「安倍政治は白鵬の相撲に似ている」とは、野田元首相の言葉です。曰く「白鵬は覇道、邪道の相撲になっている。安倍政権も覇道、邪道、外道の政治だ」とのこと。こうした発言は野田佳彦自身や、その所属してきた政党の外国人観を端的に表すものでもありますが――歴代最高の実績を更新し続ける白鵬と、歴代最長の在任期間に到達した安倍晋三、果たしてどの程度まで釣り合うのでしょうか。
先日は、この安倍総理がついに退任の意向を表明しました。後任が誰になるか不安は尽きません。安倍総理と言えば毎年、改憲への決意を表明していたわけですが、歴代最長の在任期間があったにもかかわらず特筆するほどの動きはありませんでした。私としては、やる意義に乏しいことをやらなかったことを肯定的に評価していますけれど、安倍晋三が本当にやりたかったことに期待していた人々からすると、どうなのでしょうね。
北朝鮮との拉致問題もまた歴代最長の在任期間の中で目立った成果のない分野であったと言えます。それでも拉致被害者の関係者とは一貫して良好な関係を築けている様子がうかがわれますので、「結果を残す」ということは必ずしも支持をつなぎ止める上での必須要件ではないのかも知れません。結果を残すよりも共感を呼ぶこと、より精神的・理念的な類の方が重要なのだと思います。
一方で経済政策に関しては、21世紀の日本の首相の中では最も「害のない」政治家であったと肯定的に評価されるべきでしょう。21世紀以降の歴代総理大臣(及び橋本龍太郎)の破滅的な経済政策に比べれば、どっちつかずのアベノミクスは、崖から転げ落ちることを止めたという点で重要な転換でした。それがこの先どうなるか、国民にとって最重要課題と言えます。
「お宅とうちの国とは国民の民度のレベルが違うんだ」と、こちらも元首相である麻生太郎の発言です。新型コロナウィルスによる死者が欧米諸国と比べて少ないことを指してのコメントですが、日本よりも人口当りの死者が少ない中国や韓国と比べてどうなんだろうと思わないでもありません。それはさておきここで重要なのは、死者数が(欧米より)少ないことの原因を「民度」に求めていること、決して安倍総理のリーダーシップに求めていないことです。
韓国の文在寅大統領も、ブラジルのボルソナロ大統領も、新型コロナウィルス対策では大いに存在感を発揮しました。結果は正反対ですけれど、いずれも大統領がリーダーシップを発揮した結果として支持率は上がったようです。まぁ日本でも小泉純一郎のように、経済を失墜させても支持を高めた例はあります。成功か失敗かは、あまり重要ではないのでしょう。それに比べて安倍総理は、新型コロナウィルス対策において存在感が希薄なままであったと言えます。

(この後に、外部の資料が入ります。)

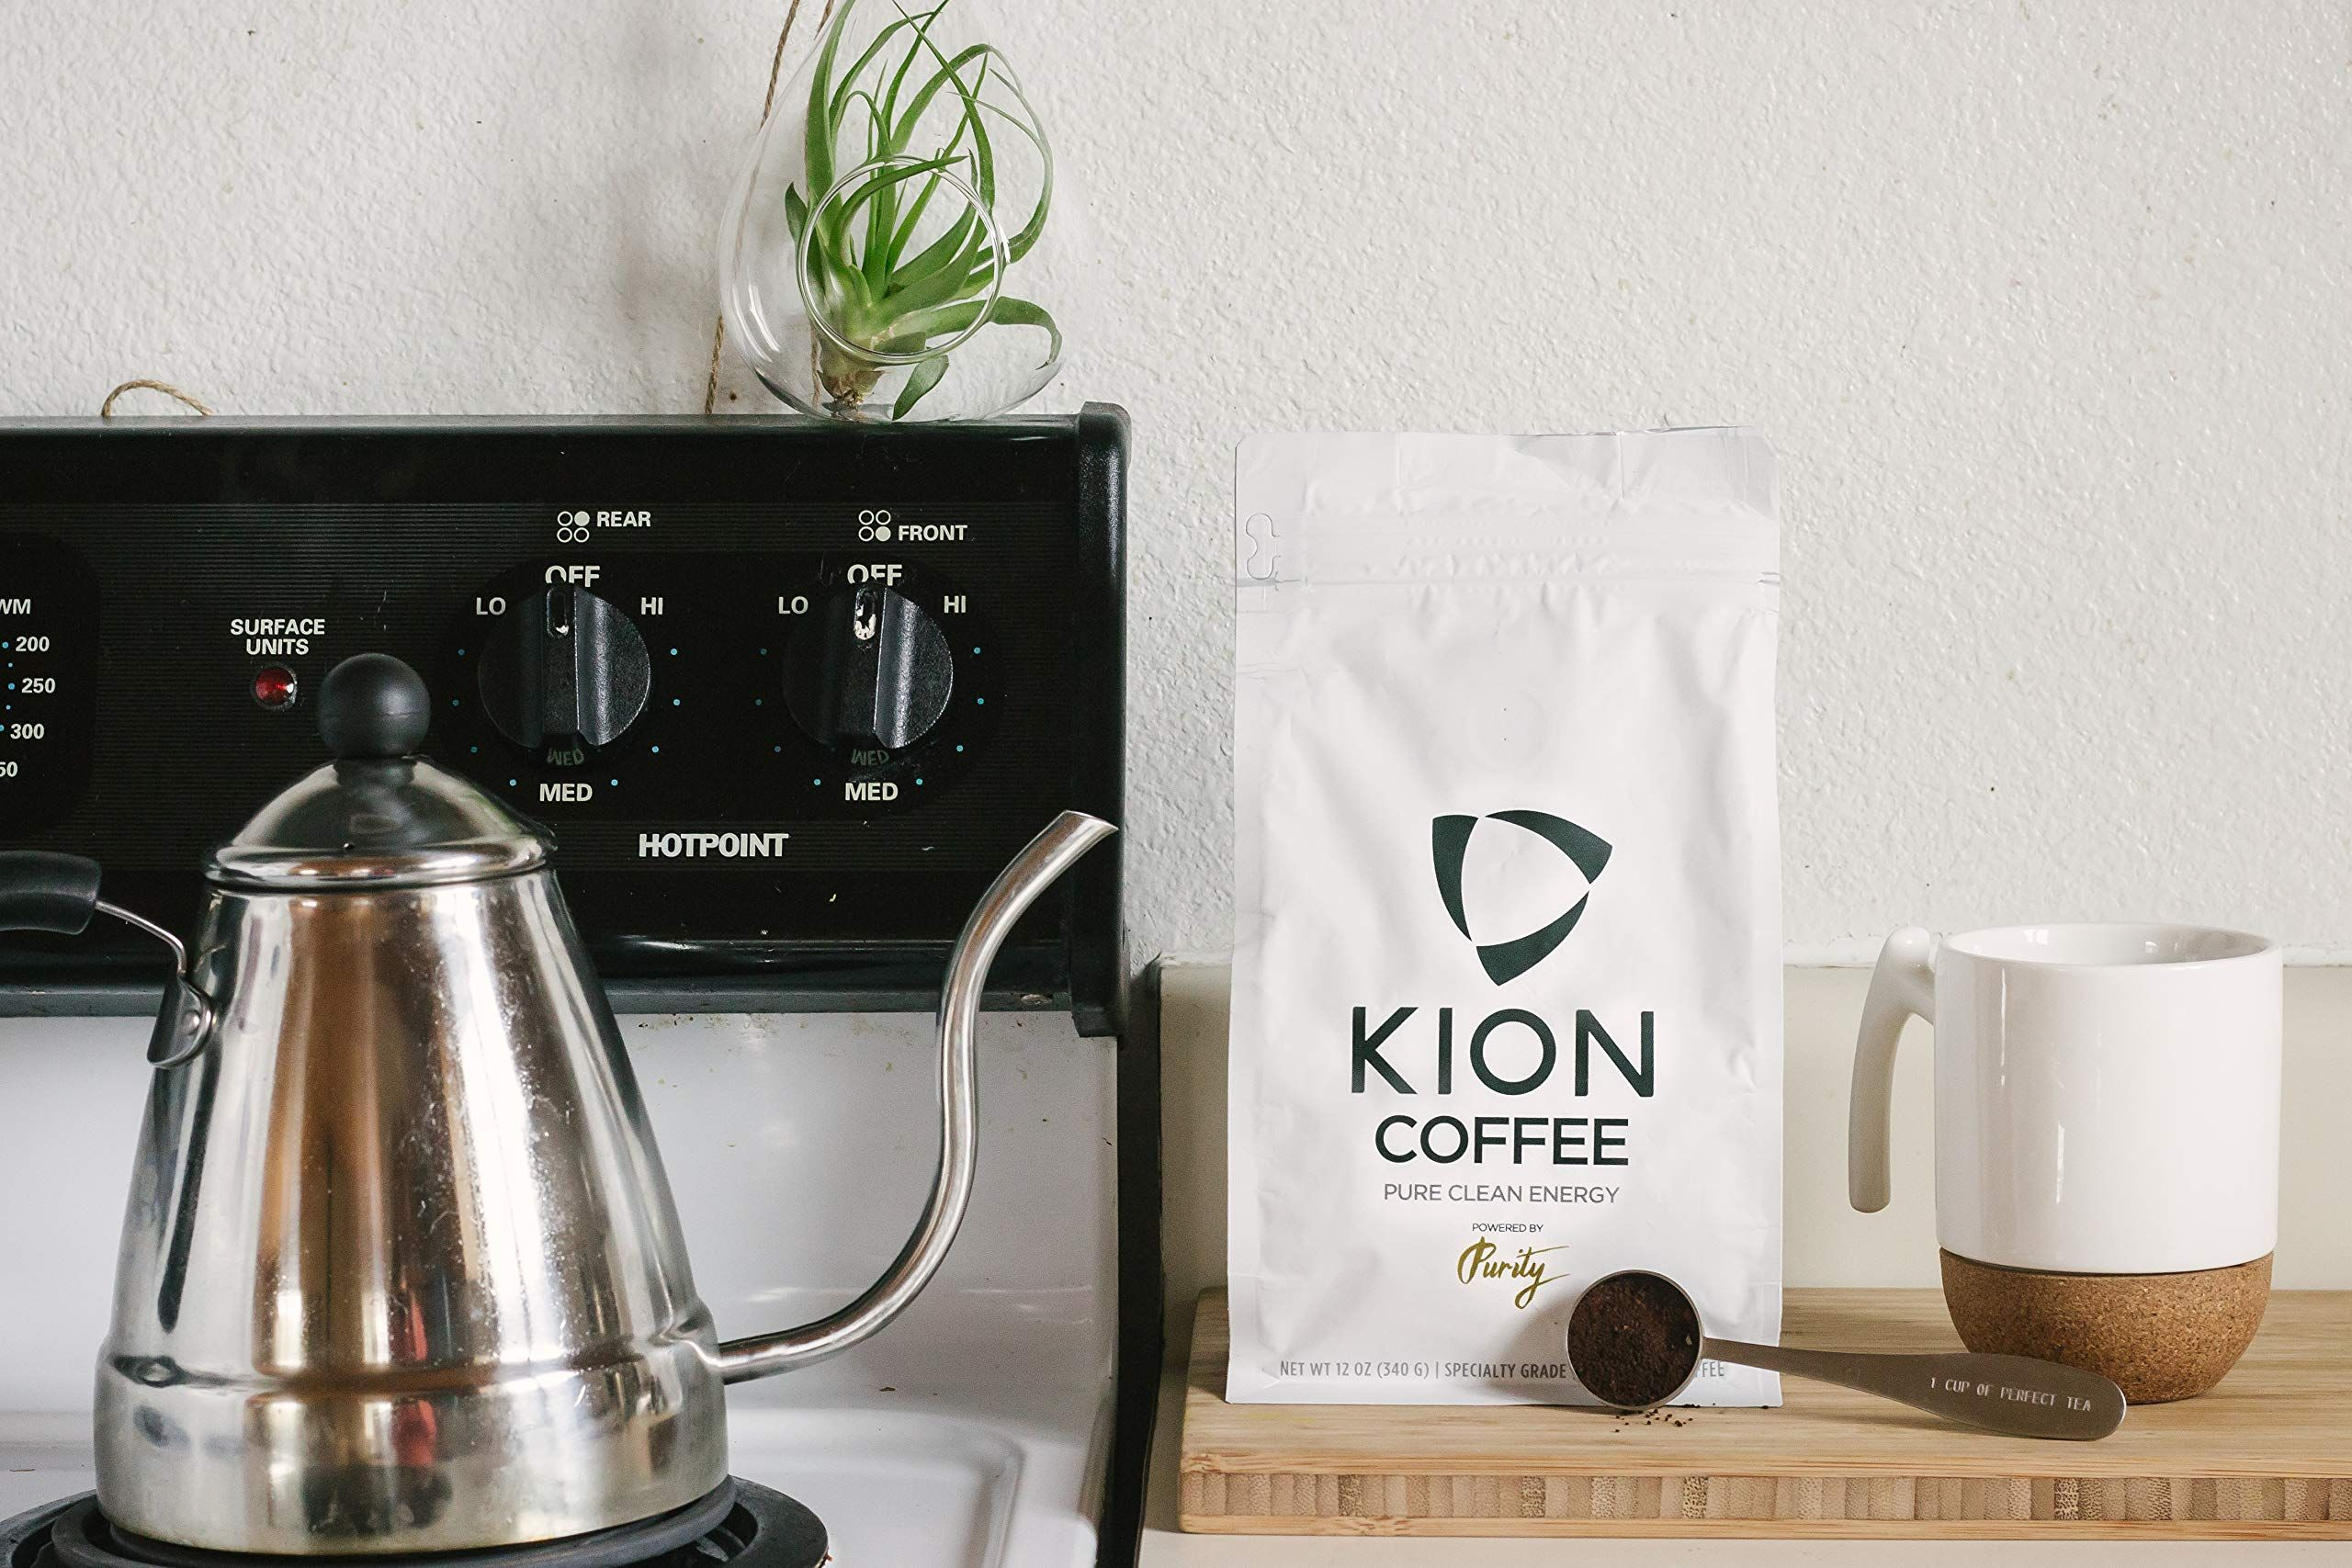 Kion organic whole bean coffee designed for taste purity

東日本大震災の後、当時の首相であった菅直人は日本各地の原発を急停止させ西日本に未曾有の電力危機をもたらしました。こうした行動力、決断力は安倍晋三を凌駕するものです。世論の反発を見て政策を引っ込め、それを選挙目当てと野党に批判されてきた安倍晋三には、とうてい真似の出来ない振る舞いと言えます。ただ、菅直人と安倍晋三のどちらが安全な政治家であったかは、議論するまでもないでしょう。
菅直人は、自分は原発に詳しいと称して緊急事態の最中でも現場への介入を厭いませんでした。新型コロナウィルスの感染拡大が続く中で、ついに最後までリーダーシップを発揮することのなかった安倍晋三とは対照的です。一方で安倍晋三時代の「結果」は、それほど悪くないものだとは思います。自身が先頭に立って支持率を高めることには失敗していますが、政治の介入により感染拡大を招いた国も少なからずありますので。
会社でも、余計なことを始めて組織を混乱させる人罪ほど、人事の評価は高かったりしないでしょうか。逆に、余計なことをしない無害な人財ほど、蔑ろにされてはいないでしょうか。政治家の評価もまた似たようなところがあるように思います。安倍総理は最後に自身の評価を高めることに失敗したと言えますが――その後継者が、自身の評価を高めるプロフェッショナルになったりしないか、今から不安でなりません。